Why Springpad was unavailable for a couple of hours yesterday
We had some unexpected downtime yesterday, which made Springpadit.com unavailable to both web and mobile clients. We did our best to let you know that we were having trouble and to assure you that your data was safe, just not accessible. Now, we want to take the time to explain a bit about how Springpad works, as well as what happened yesterday.
We have been working very hard to ensure that our users’ data is always safe. To that end, over the past year we have made some major architectural changes to both enhance the reliability as well as the performance of the system.
- Cassandra: Springpad uses Cassandra, which is a data store that was designed from the ground up (by Facebook) to handle failures. Everything that you save (notes, bookmarks, movies, notebooks) is replicated three times, to three different servers. The system can transparently handle and recover from storage failures.
- Capacity: We have been adding capacity – meaning servers – rapidly. Over the past year we’ve added about 20 machines to the mix. This has enabled us to increase performance and reliability across the entire environment. We host Springpad with Amazon EC2, which allows us to dynamically add and remove capacity as need demands.
- Backups: All user data is backed up nightly in the event that something terrible happens.

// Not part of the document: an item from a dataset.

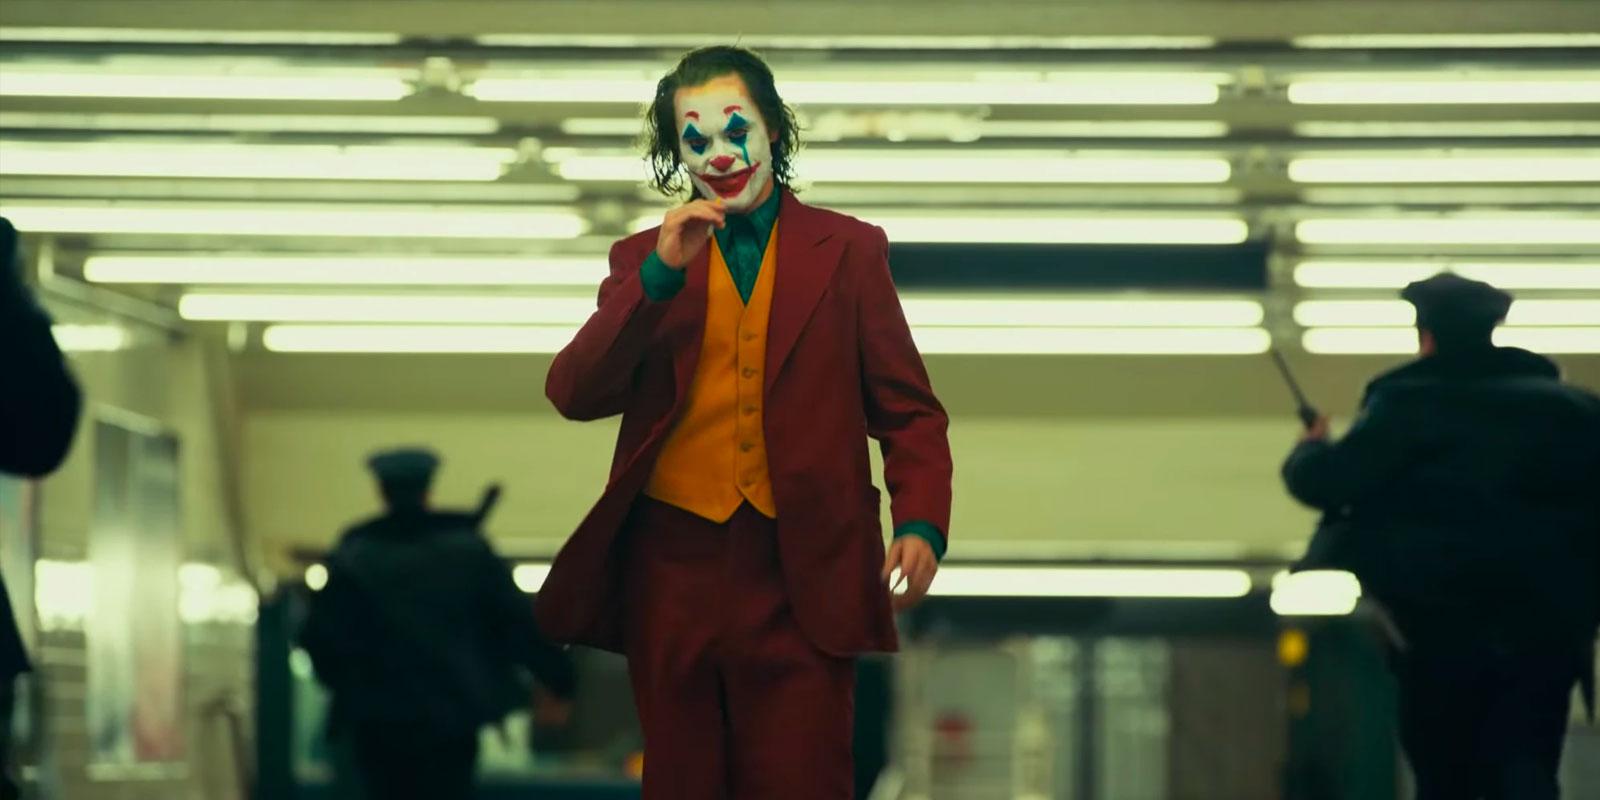 Джокер (2019) Joker

- Offline access: The more clients with offline capability, the less load our server environment experiences. The iPhone and Android applications essentially do some of the processing for us. We are working to improve and expand our offline capabilities.
So, what happened? (technically speaking, that is)

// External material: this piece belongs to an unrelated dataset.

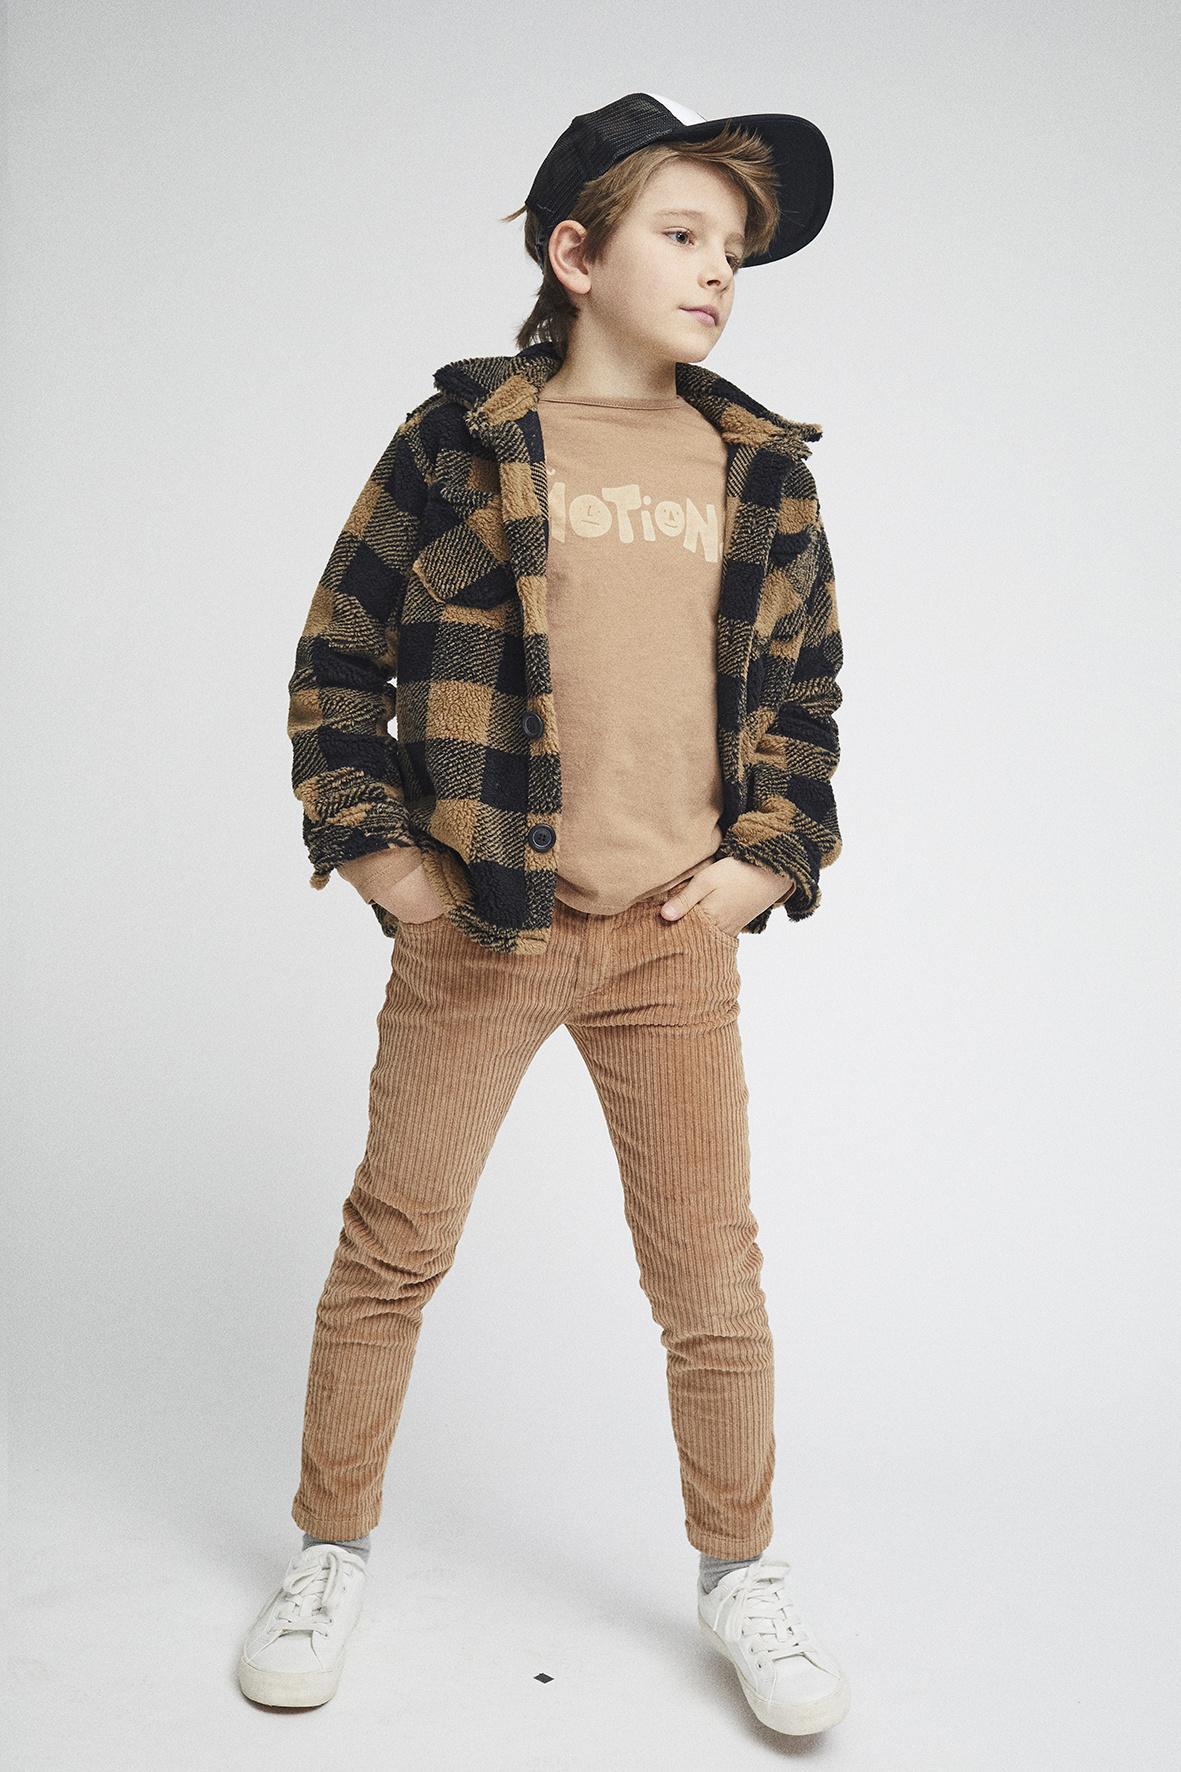 Pinata Pum Shirt Over Shirt Brown Square

- Around 1:30pm (ET), one of our backend web servers started having network trouble. We contacted Amazon’s technical support, while simultaneously working on launching a new backend to replace the problem server. While this was happening requests started to pile up.
- Within a few minutes the gateway into Springpad ran out of memory. We use redundant Apache load balancers and the high number of requests caused them both to run out of memory.
- At the same time we were having trouble launching new Amazon servers to replace the now both down backend servers, as well as the load balancers. We still hadn’t heard from support as to why the problem started in the first place.
- By 3:30pm we had a new balancer up and about half of the requests to our servers were ok. The other half were still having problems. At around 4pm, we eventually were able to recover a second load balancer and the problems subsided.
What we’re doing to prevent issues like this from happening again
- We’ll now keep a spare set of load balancers waiting. We then won’t have to wait to launch new servers if things go wrong again.
- We are increasing the memory and cpu of our load balancers to handle more requests.
- We are still investigating the core network problem with Amazon and researching how to prevent it from happening again in the future.
Rest assured that your data is always safe with Springpad. This issue caused access problems, but did not affect our storage infrastructure.